The History of the Wallet

Known to the French as “le porte-monnaie,” and to Spanish-speakers as “la cartera.” To English-speakers: the wallet, the pocketbook, the change purse, the billfold. (Doesn’t have quite the same ring to it as “le porte-monnaie,” does it?) The compact carry-all was born out of necessity early in human history, but has since evolved into a status symbol, a fashion emblem, and to many - the fundamental, final thing you check for before you leave the house. So who do we credit for the invention and advancement of this necessary accouterment? The answer might surprise you.

Origins
It shouldn’t be astounding that the wallet - the most essential of everyday accessories - first came to be early in human history. Early wallet warriors invented small, fabric packs with drawstrings, typically tied to their belts, that were used to hold a day’s lunch and a handful of coins. This cutting-edge development came to be long before the invention of paper banknotes, though, and traces its roots all the way back to the Archaic Period. Ancient Greeks used their wallets, then called knapsacks, to hold food and other personal provisions in a way that was out-of-hand and convenient enough for a day’s worth of work. The 20th century classicist A. Y. Campbell wrote “… a wallet is no modern lunch basket, out of which come Derby-day salmon and champagne.

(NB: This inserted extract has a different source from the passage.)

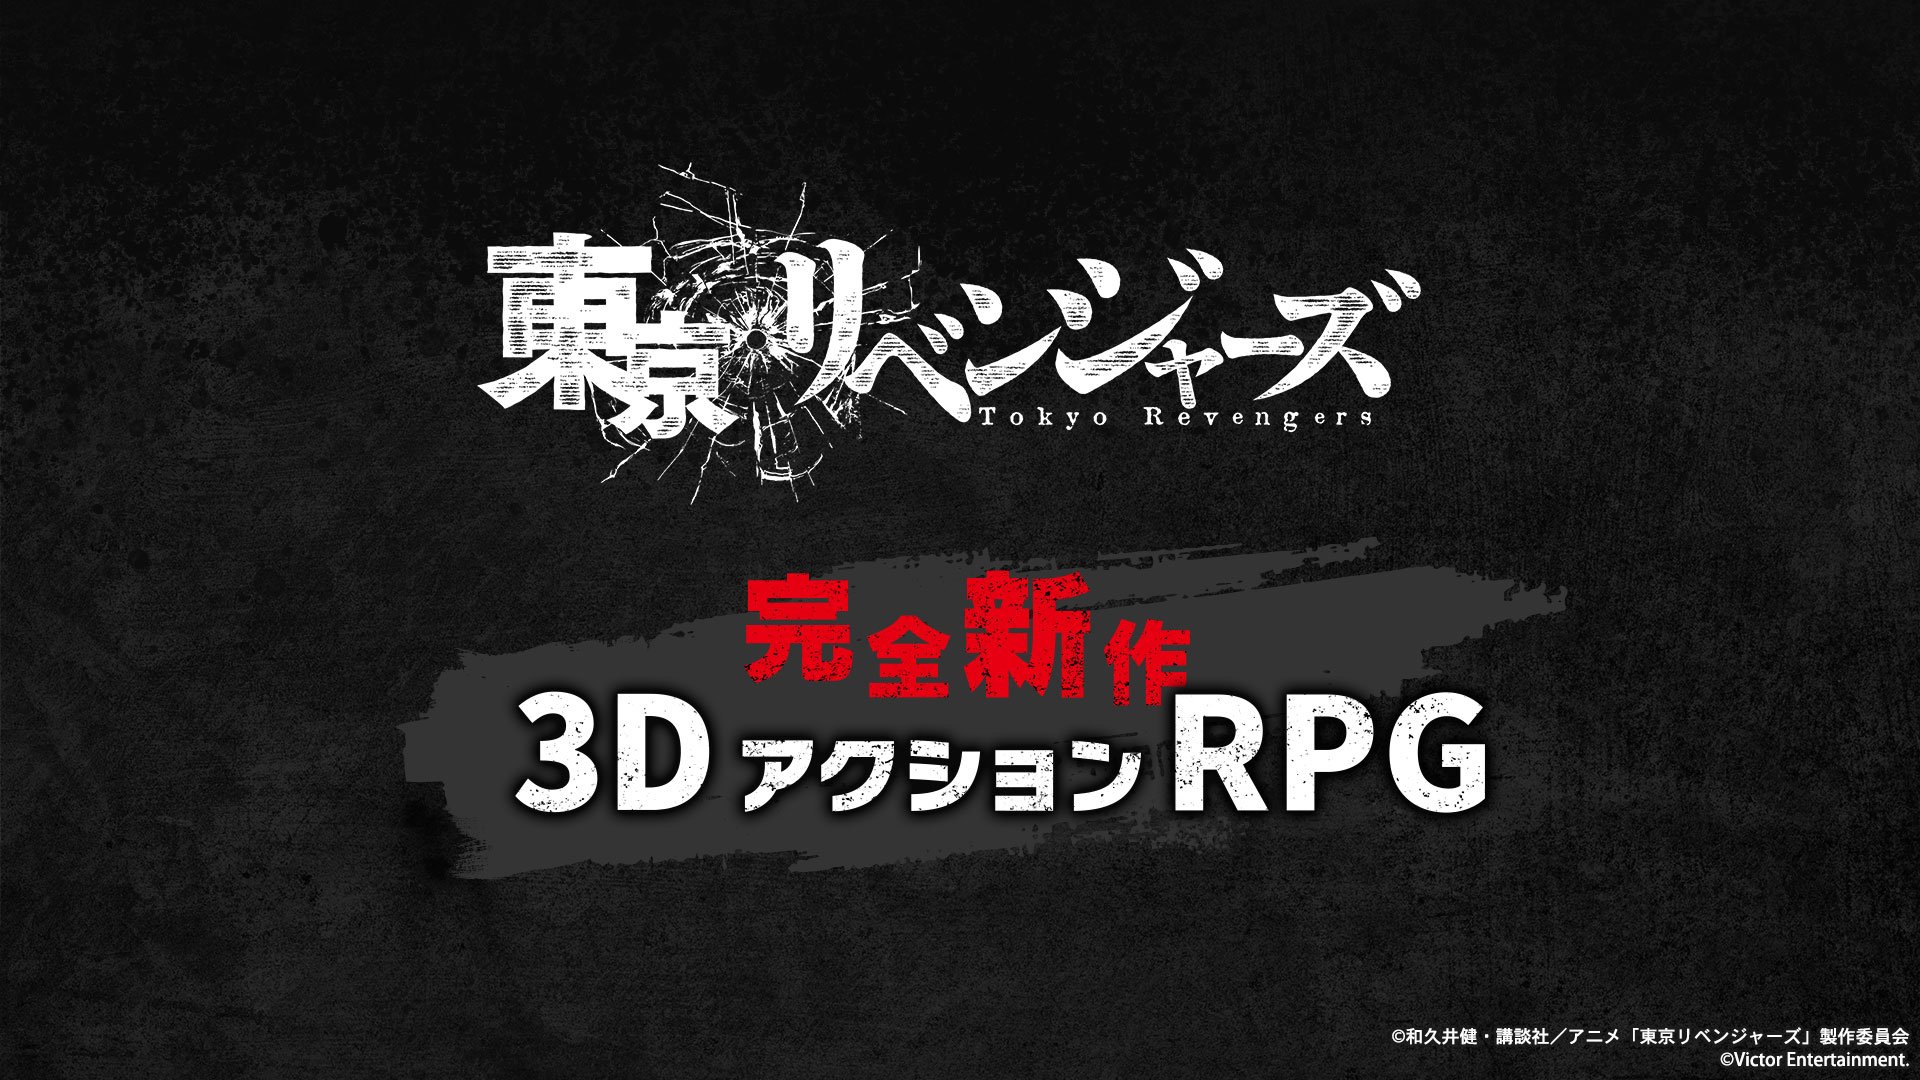 Tokyo Revengers 3D action RPG announced for PS5, PS4, Switch, PC

The wallet was the poor man’s portable larder, or poverty apart, it was a thing you stocked with provisions.” So, it seems, the wallet was no aristocrat’s accouterment. It was, simply, the original lunchbox.

The Renaissance
The word “wallet” appeared as early as the 1300s, and, notably, in 1609 when Shakespeare wrote it in the tragedy “Troilus and Cressida” (“Time hath, my lord, a wallet at his back, wherein he puts alms for oblivion, a great-sized monster of ingratitudes.”) In 1690, the Massachusetts Bay Colony introduced paper money to the New World, but paper-oriented billfolds had actually been used long before, in 1500s Europe. Traditionally made from cow or horse leather, and shaped more like a sack or a purse than a modern, foldable number, these old-school staples often had specially made pockets for calling cards or visiting cards, an early form of identification typically carried by aristocrats or the elite. Campbell’s “poor man’s portable larder” had evolved, then, to become a mark of status and privilege.

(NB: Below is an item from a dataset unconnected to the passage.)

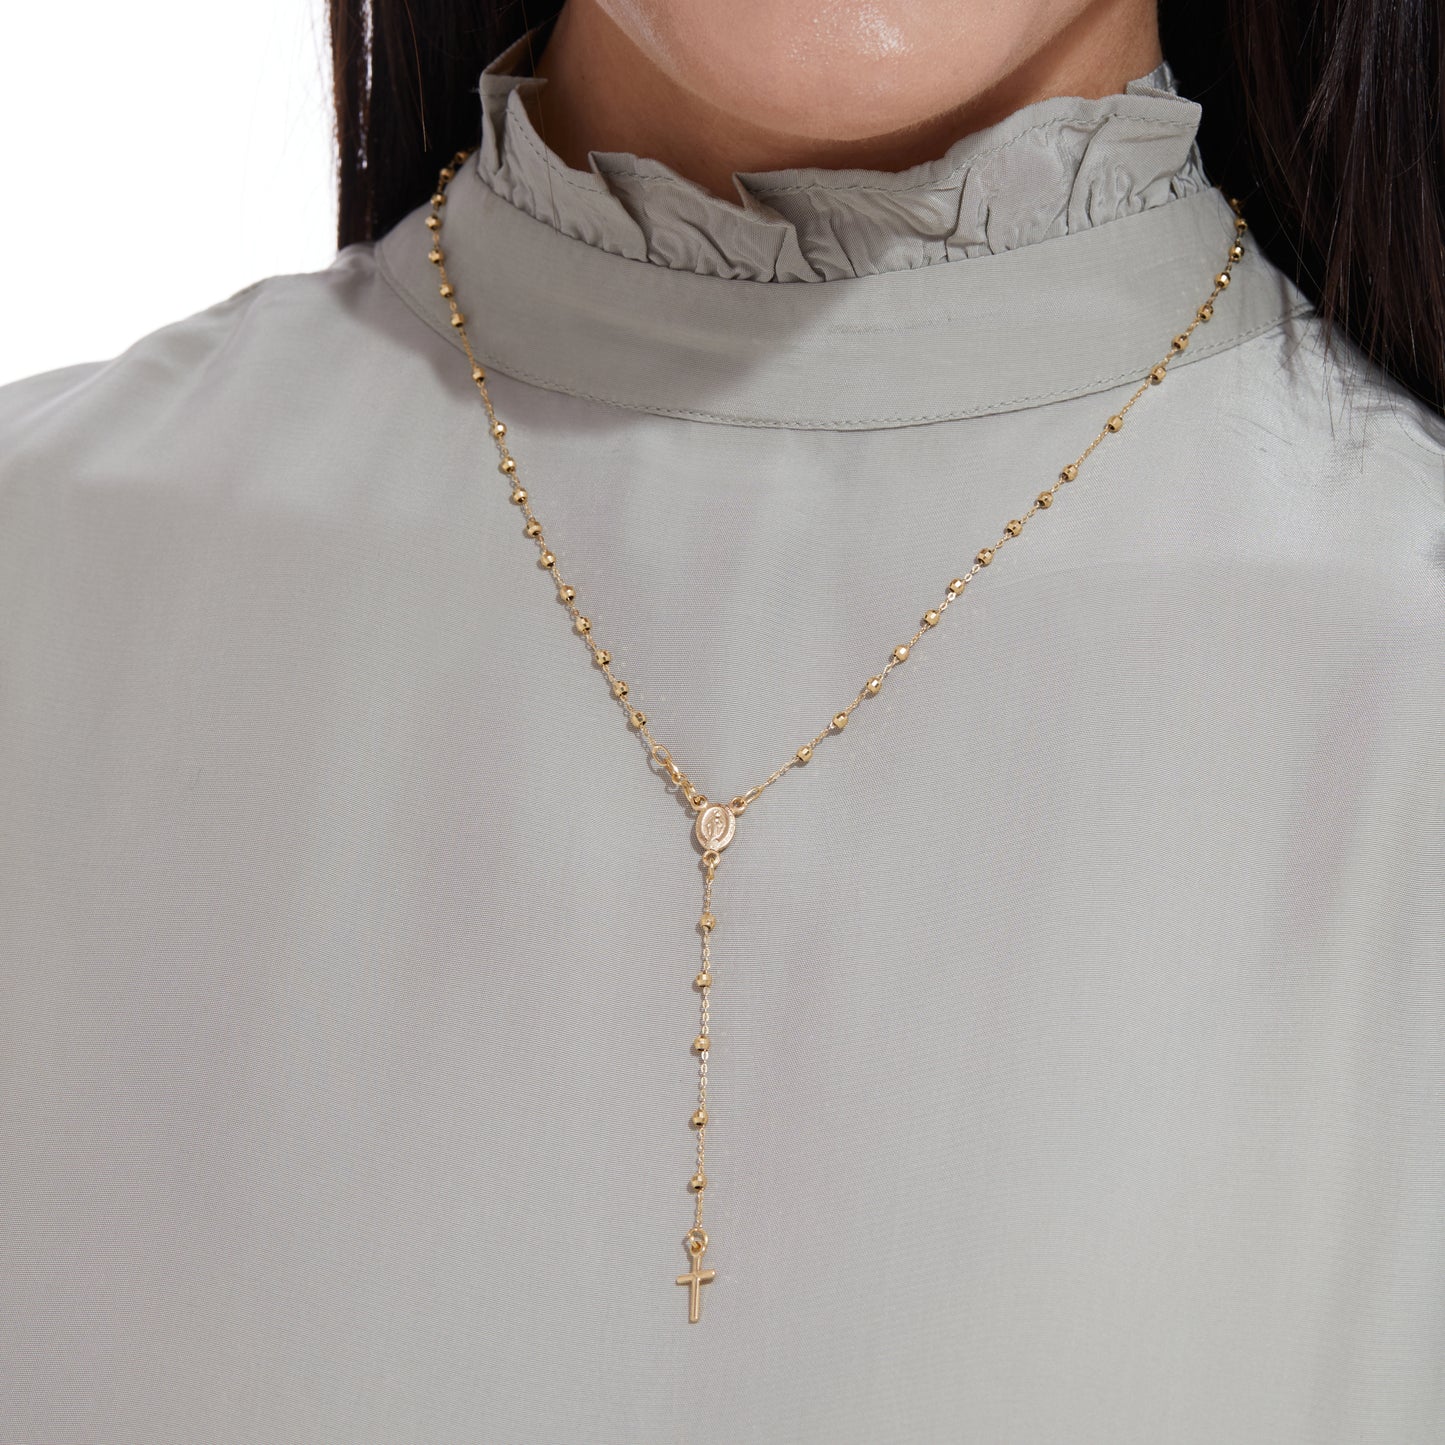 TRADITIONAL FACETED YELLOW GOLD ROSARY

The scholar Lawrence C. Wroth’s recounted the dress and air of a 1559 merchant in his essay "An Elizabethan Merchant and Man of Letters,” from 1954. He writes, “The traveler in question was a young, English man of 25 years, decently dressed, mounted upon a mule, wearing a sword, and carrying fixed to his belt something he called a ‘bowgett,’ [or budget] that is, a leather pouch or wallet in which he carried his cash, his book of accounts and small articles of daily necessity.” Since pockets, historically, were only worn by women, and didn’t appear in clothing until the 17th century, it’s no wonder this well-dressed merchant was inclined to carry a bowgett, in which he stored everything but his sword.